Скамья покачнулась. Курт соскользнул на землю. Но молниеносно сообразил, что еще одно мгновение принадлежит ему. Обернувшись, выкрикнул так, что у самого зазвенело в ушах:
— Люди! Хватайте колья! Бейте этих псов!
Но заметил лишь, что люди рассыпаются, как цыплячий выводок, когда на него нападает коршун. Женщины вопили, мужчины, убегая, выли от страха. Каждый норовил спрятаться в какой-нибудь угол. Тут у Курта опустились руки, он съежился, стал тщедушным и жалким. Второй его возглас был уже не криком, а скорее хриплым стоном:
— Проклятый народ!.. Барон Геттлинг, ты все же был прав…
Два сильных человека ухватили его, зажав в железные тиски. Поволокли на середину двора, поставили на ноги, сами с палашами в руках отступили на шаг.
Офицер сказал толмачу:
— Спроси у него, он один здесь в замке или еще кто-нибудь есть?
Толмач вытянулся на голову выше своего начальника.
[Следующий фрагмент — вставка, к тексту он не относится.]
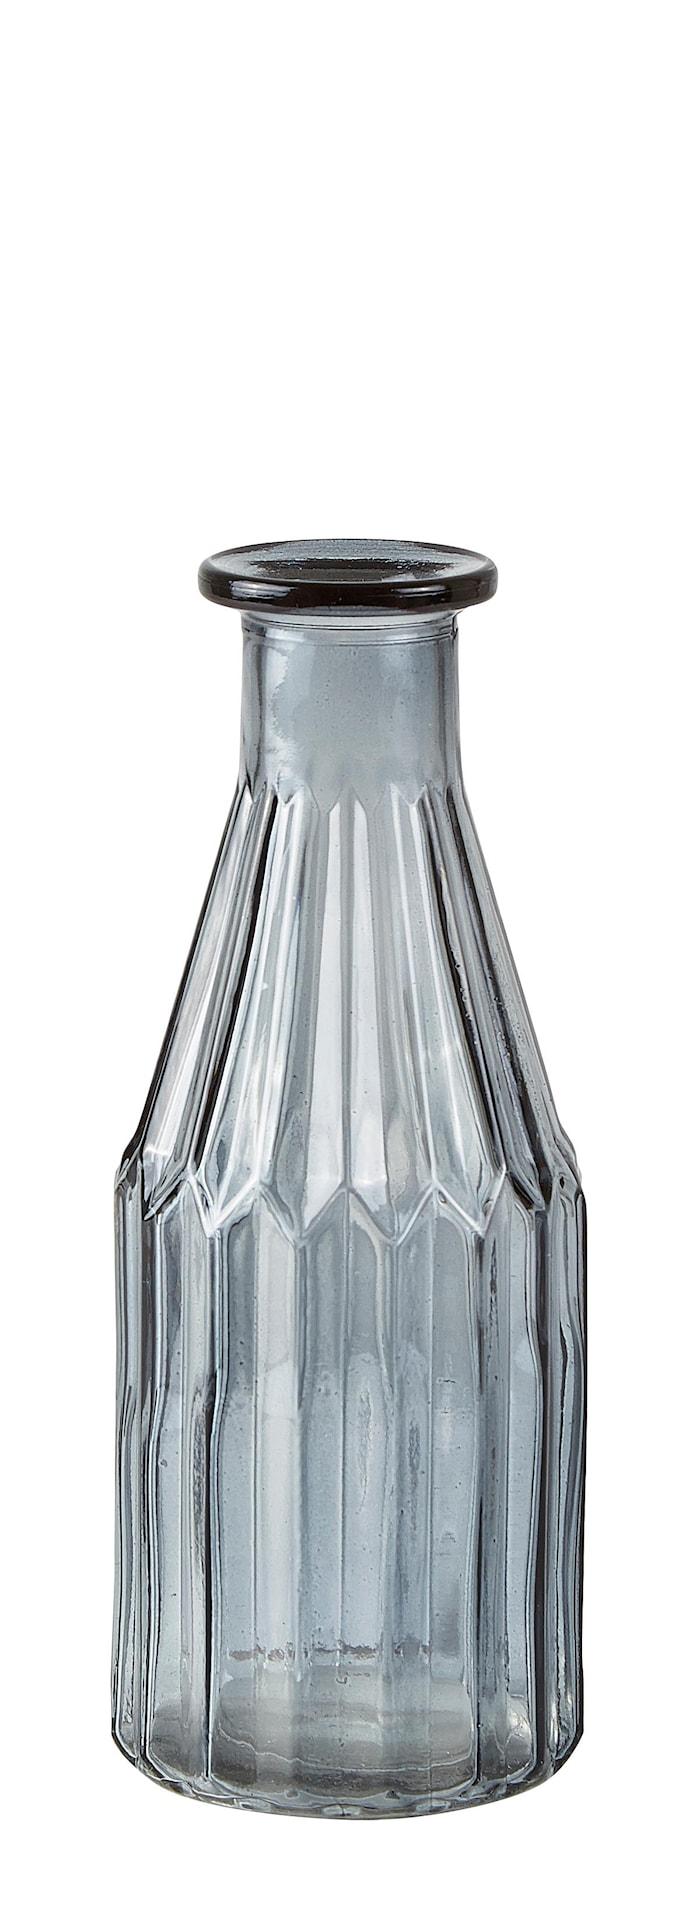 Vase - Glas - Røgfarvet - D 8,0cm - H 20,0cm - Stk.

— Офицер велел спросить, один ли ты здесь, не хоронится ли в замке еще какая-нибудь немецкая собака вроде тебя?
Курт еле стоял на ногах, но глаза у него загорелись, он отрезал, не разжимая зубов:
— Передай ему, пусть спрашивает у меня, как у дворянина, тогда я стану отвечать.
— Что он там болтает?
— Он говорит, что он немец и дворянин и не хочет отвечать.
У офицера лицо под седой бородой мгновенно налилось кровью.
— А ну, разок!..
Хлыст мелькнул в воздухе. Спина у Курта прогнулась, словно это была не плеть из оленьей кожи, а раскаленное добела железо. «Значит, вот оно как, когда хлещут кнутом…» — мелькнуло где-то в сознании. Он смог только прошептать:
— Никого больше… Я один…
В замке обыскали все помещения, вынесли ларец с документами и бумаги из ящиков стола. Обшарили подвалы, выгнали на двор служанок из кухни. Видя, что их не трогают, люди снова начали понемногу собираться на дворе. Офицер сидел на лошади грозный, но успокоившийся. Зато толмач таращил злые глаза, без нужды подкидывая в руке хлыст. Спросил уже сам от себя:
— Где эстонец? И Плетюган?
— Управляющего я сегодня утром прогнал, а у старосты ноги переломаны, он, очевидно, лежит где-нибудь.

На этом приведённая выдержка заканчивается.